Dojos can always use volunteers and mentors for sessions – even if you don’t code! You can join a current Dojo, or start your own.


TEALs Schools


What they do:

Microsoft’s Technology Education and Literacy in Schools (TEALS) Program “partners with high schools to build teacher capacity and student interest in computer science with the goal of enabling schools to sustain equitable CS programs on their own.”


How you can get involved:

Join volunteers from hundreds of companies and see how you can co-teach computer science alongside classroom teachers.

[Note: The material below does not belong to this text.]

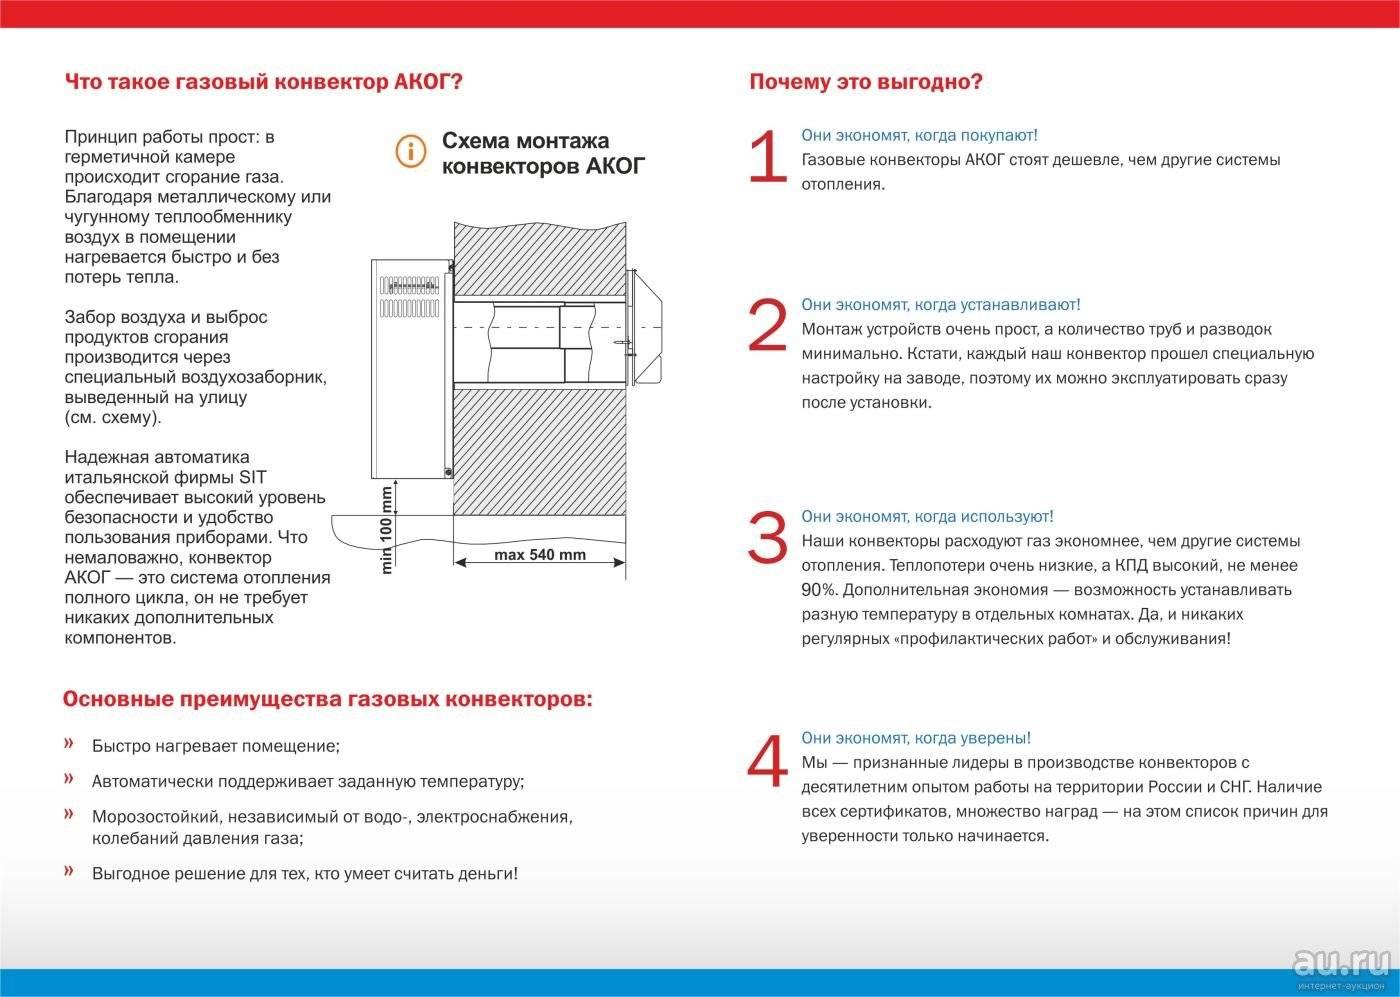 Газовые конвекторы: принцип работы, плюсы и минусы, правила установки и эксплуатации

Several organizations hold conferences in the DC area focused on benefiting local communities. There are a few coming up this year.


Ruby for Good


What they do:

Ruby for Good is a yearly event in the DC metro area for Ruby programmers from all over the globe to get together over a long weekend to build projects that help communities.


How you can get involved:

Become a participant and stay in dorms while you hack and network for good causes. You can also volunteer by attending the event or becoming a team lead. There are also opportunities to sponsor the event. Note: this is not a hackathon.

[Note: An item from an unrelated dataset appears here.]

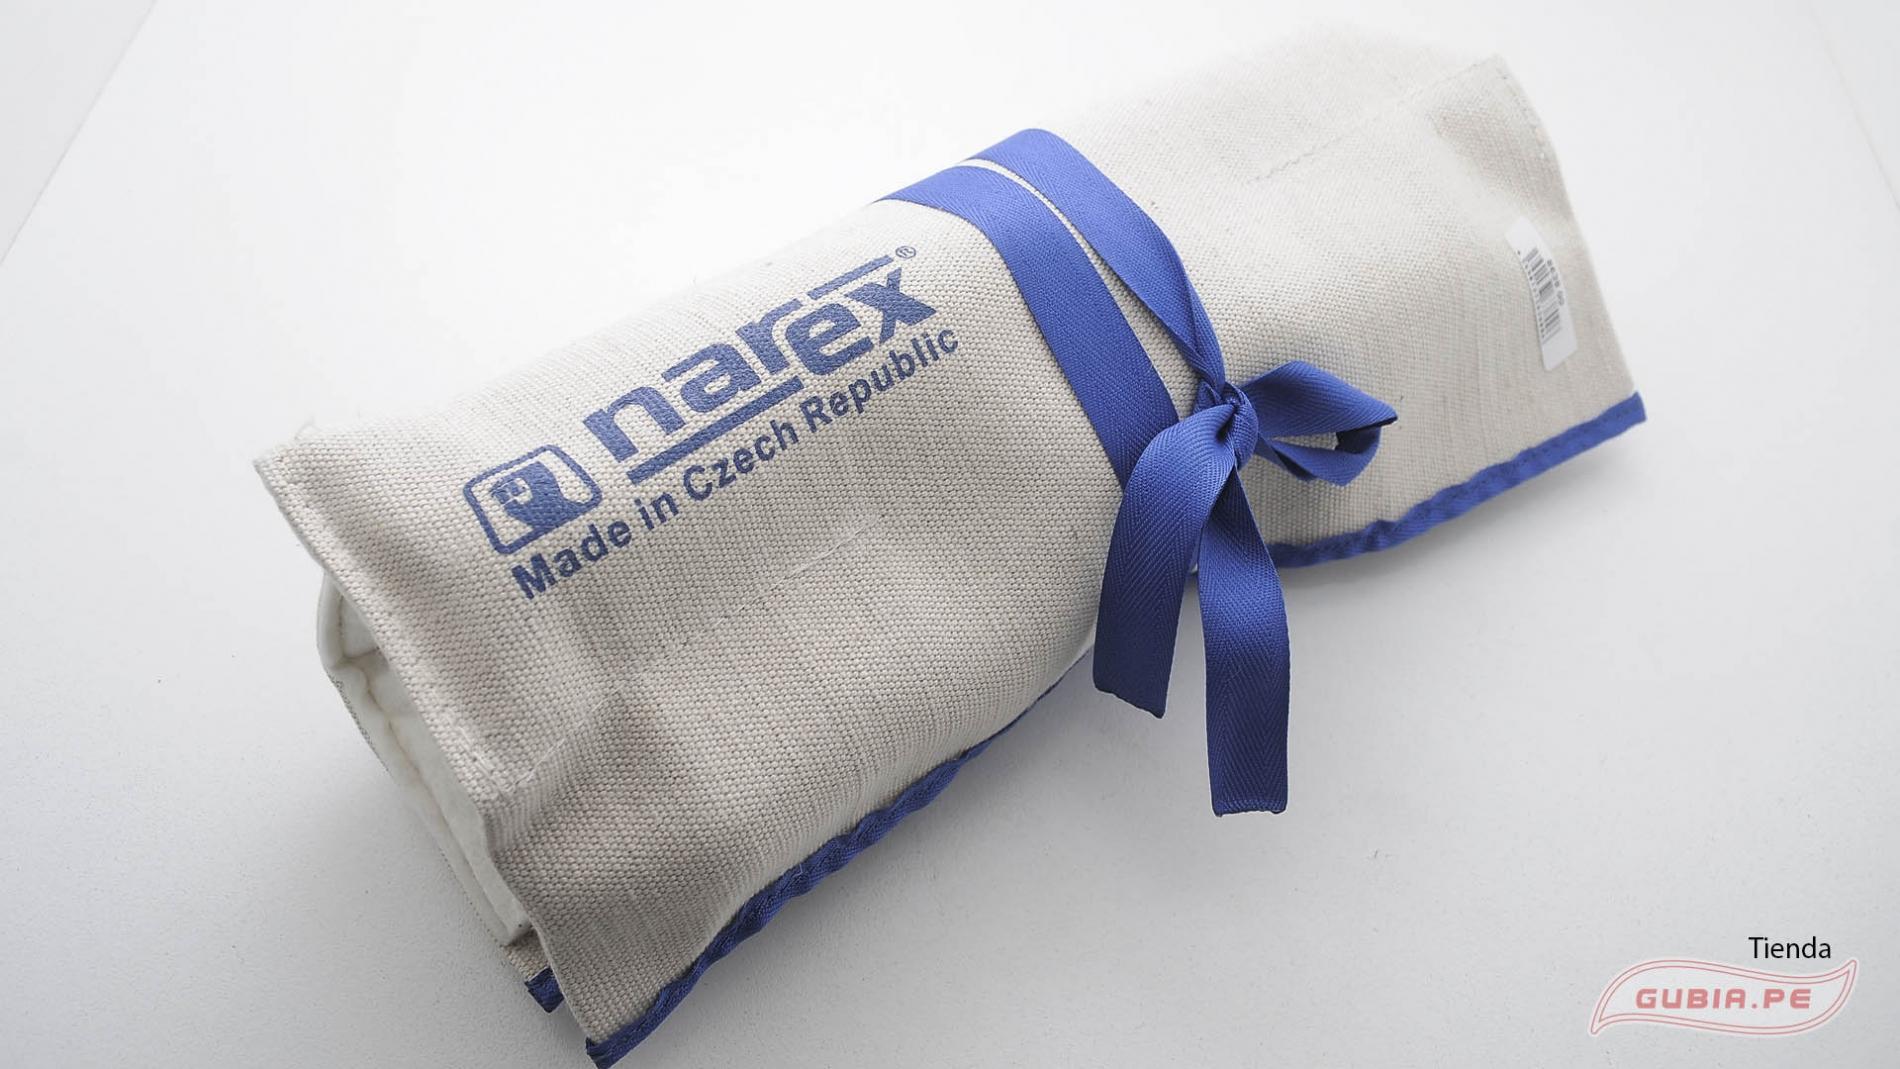 863800-Estuche de lona para formones Narex 86380-max-5.

USA Science and Engineering Festival


What they do:

The USA Science & Engineering Festival inspires students nationwide with year-round K–12 educational programming and culminates in a multi-day celebration on April 23-26, 2020 in Washington, DC.


How you can get involved:

Sign up and join the festival!


Diversity and Inclusion

In our experience working with tech startups in the DC metro area, executives and hiring managers want to make diversity and inclusion a top priority in their hiring processes and company cultures. They want employees of all races, genders, and orientations to feel welcomed and valued, and they want to ensure that everyone is compensated fairly for the work they do.

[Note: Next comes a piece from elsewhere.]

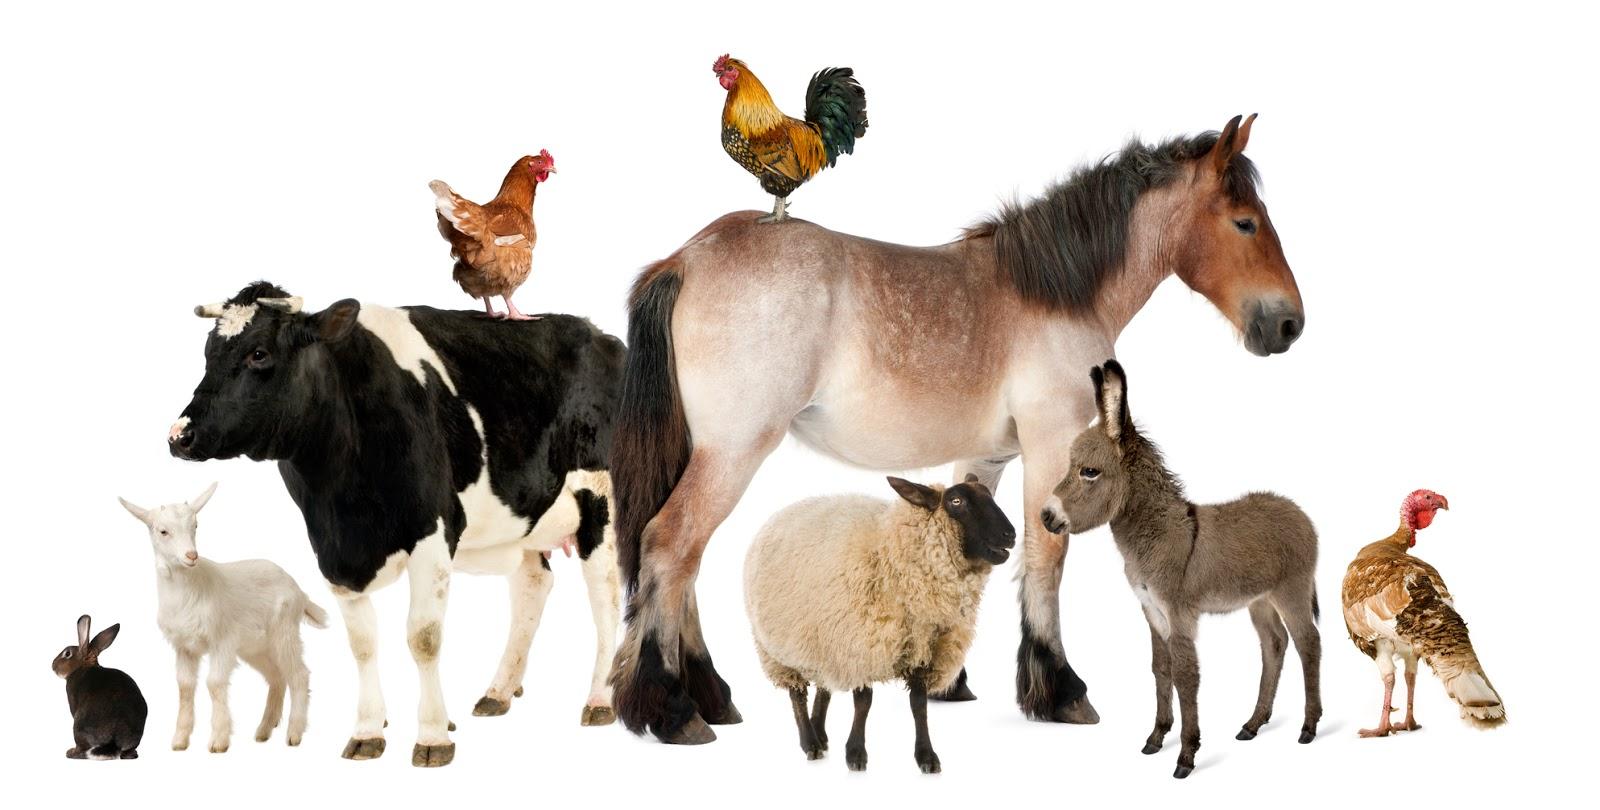 Banco de im genes animales muy lindos de nuestro planeta 12 fotos en hd - Image animaux gratuite ...

Unfortunately, we’ve uncovered data (keep an eye out for our upcoming compensation report) and testimonials that show the area has a long way to go. There are many positions where salaries are still unequal, and many companies don’t know how to attract and foster diverse talent.

However, there are a number of nonprofit organizations inside and outside of DC that you can join, get involved with, or support if you care about this issue.


Project Include


What they do:

Project Include is a nonprofit organization on a mission to make tech more diverse and inclusive. They’re gathering and sharing data and creating a community that aims to set standards for inclusiveness, comprehensiveness, and accountability.


How you can get involved:

If you’re a CEO or tech startup leader, you can join the Project or take their survey to help make your team, and the DC tech community, more diverse and inclusive.


The Black Code Collective


What they do:

The Black Code Collective is a group of black developers who meet to support skills, careers, and opportunities.


How you can get involved:

Black software developers in DC can join their Slack channel and attend their Meetup events.


Girls Who Code


What they do:

Today, fewer than 1 in 5 CS graduates are women. Girls Who Code is creating learning opportunities and career pathways to help close that gap.


How you can get involved:

There are a number of ways to get involved with Girls Who Code. There are opportunities to become a partner, fundraiser, or use their lesson plans. You might also be able to start a club or join the March for Sisterhood. If you are a member of a nonprofit organization and have access to a classroom with computers, you may be able to start a club. Girls Who Code can provide training, a custom learning platform, curriculum, and other resources. Girls Who Code also provides downloadable lesson plans so you can teach and inspire. Topics include the history of women in tech and computational thinking concepts.


Meetup Groups


This list wouldn’t be complete without mentioning the many group on Meetup.com that are helping make tech more accessible, diverse, and inclusive. We’re building out a search tool on the hatchpad to help DC residents find diversity and inclusion oriented Meetups near them. Select “diversity in tech” from the dropdown menu.

Meetups provide teaching, coaching, networking, and community. An increasing number of Meetup groups also livestream and record their Meetups to make them accessible for anyone who is unable to attend in person.